Special Term also erred in holding National jointly and *48severally liable with the shipowners. On this record, it is fairly obvious that it was merely an intermediary performing only ministerial functions. It was not a party to any of the charter parties or to any of the three settlement agreements. Without some factual basis, National cannot be held liable for commissions allegedly due solely by virtue of contracts to which it was not a party. (See generally, Blitman Constr. Corp. v Kent Vil. Hous. Co., 91 AD2d 173.) Since, however, the complaint alleges that National and the five corporate shipowners are the alter egos of John Theodoracopulos, and there is at least some evidence suggesting that this may be the case, the matter is best left for trial.
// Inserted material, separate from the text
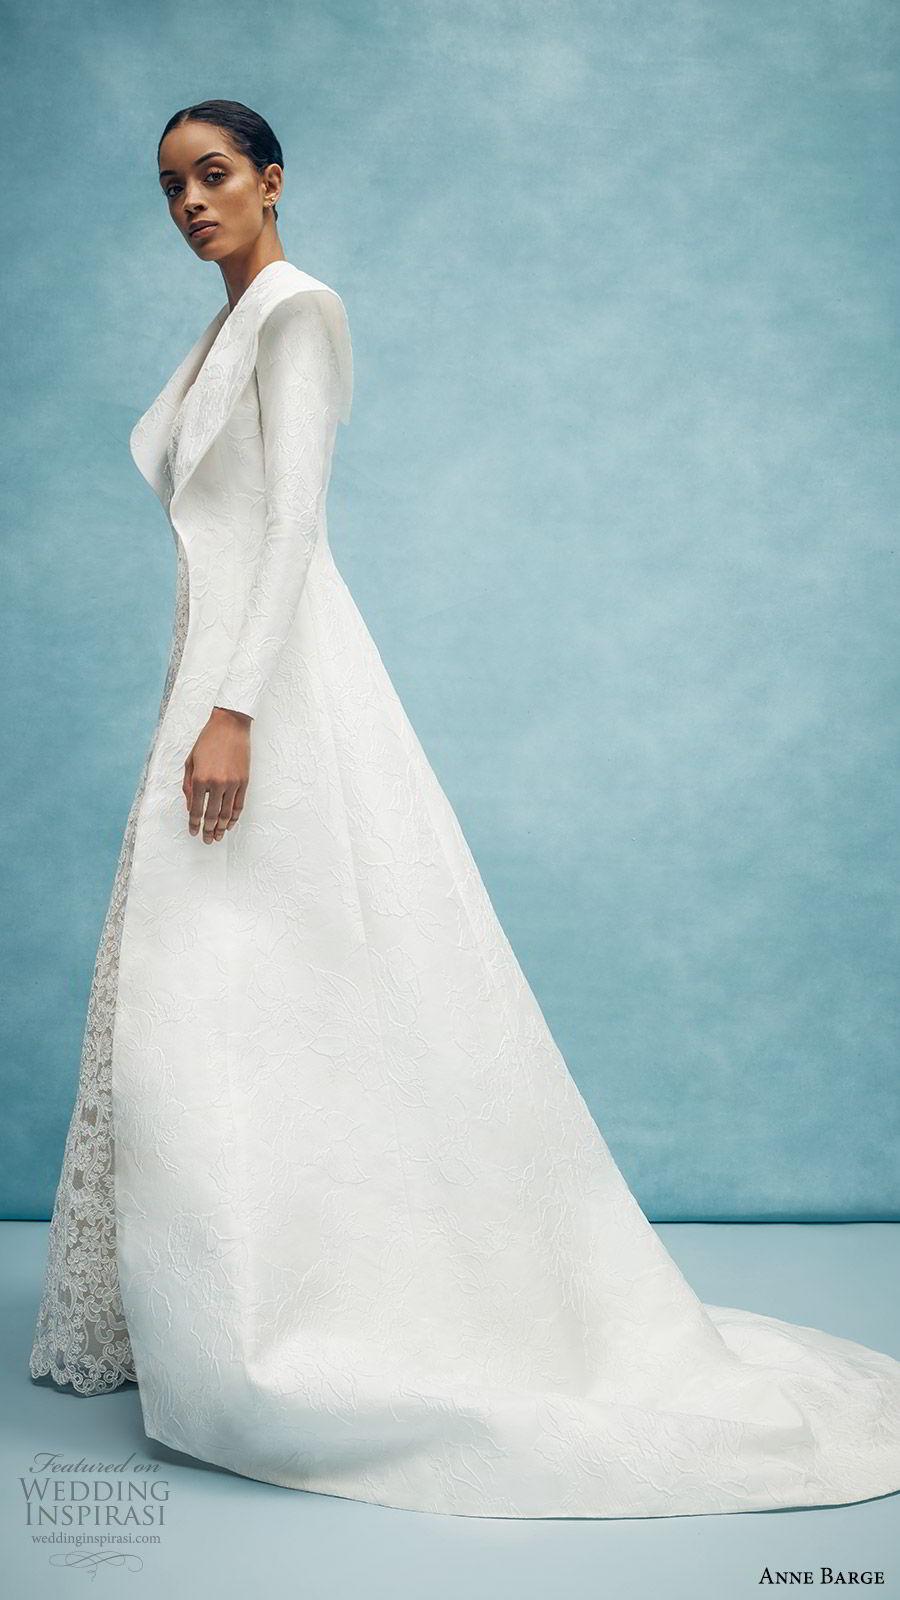 anne barge spring 2020 bridal strapless straight across fully embellished lace sheath wedding dress (3) long sleeve collar jacket elegant chapel train sv

In this regard, we also take passing note of the lack of support in the record for the imposition of joint liability upon the shipowners, as reflected in the judgment entered upon the grant of partial summary judgment.

Finally, on plaintiff's cross appeal from the grant of leave to amend the answer, we find that Special Term properly granted the motion. Leave to amend should be freely given (CPLR 3025 [b]; McCaskey, Davies & Assoc. v New York City Health & Hosps. Corp., 59 NY2d 755, 757; Fahey v County of Ontario, 44 NY2d 934, 935; Leslie v Hymes, 60 AD2d 564) and plaintiff is unable to demonstrate any prejudice.

Accordingly, the order of the Supreme Court, New York County (Alfred M. Ascione, J.), entered December 26, 1984, which, inter alia, granted partial summary judgment to plaintiff, should be modified, on the law, to deny plaintiff’s motion for summary judgment in its entirety, and, except as thus modified, affirmed; the judgment of the same court and Justice, entered January 18, 1985, should be reversed, on the law, and the judgment vacated, with costs and disbursements to defendants.

Sandler, J. P., Ross, Kassal and Ellerin, JJ., concur.

Order, Supreme Court, New York County, entered on December 26, 1984, unanimously modified, on the law, to deny plaintiff’s motion for summary judgment in its entirety, and, except as thus modified, affirmed, and a judgment of said court, entered thereon on January 18, 1985, unanimously reversed, on the law, and the judgment vacated. Defendants-appellants-respondents shall recover of plaintiff-respondent-appellant one bill of $75 costs and disbursements of this appeal and cross appeal.

. While Pertamina was entitled to certain credits when the vessels were placed in lay up, it was not relieved of its obligation to pay hire. The $309,387,038.80 balance due the shipowners takes into account these credits.

. The owners of the two "To Be Named” vessels, although parties to the second and third settlement agreements, were not parties to the $6,000,000 January 1976 agreement.

. In accordance with Matter of City of New York (James St.) (21 NY2d 293, 301), we take judicial notice of the depression in the world tanker market since 1974.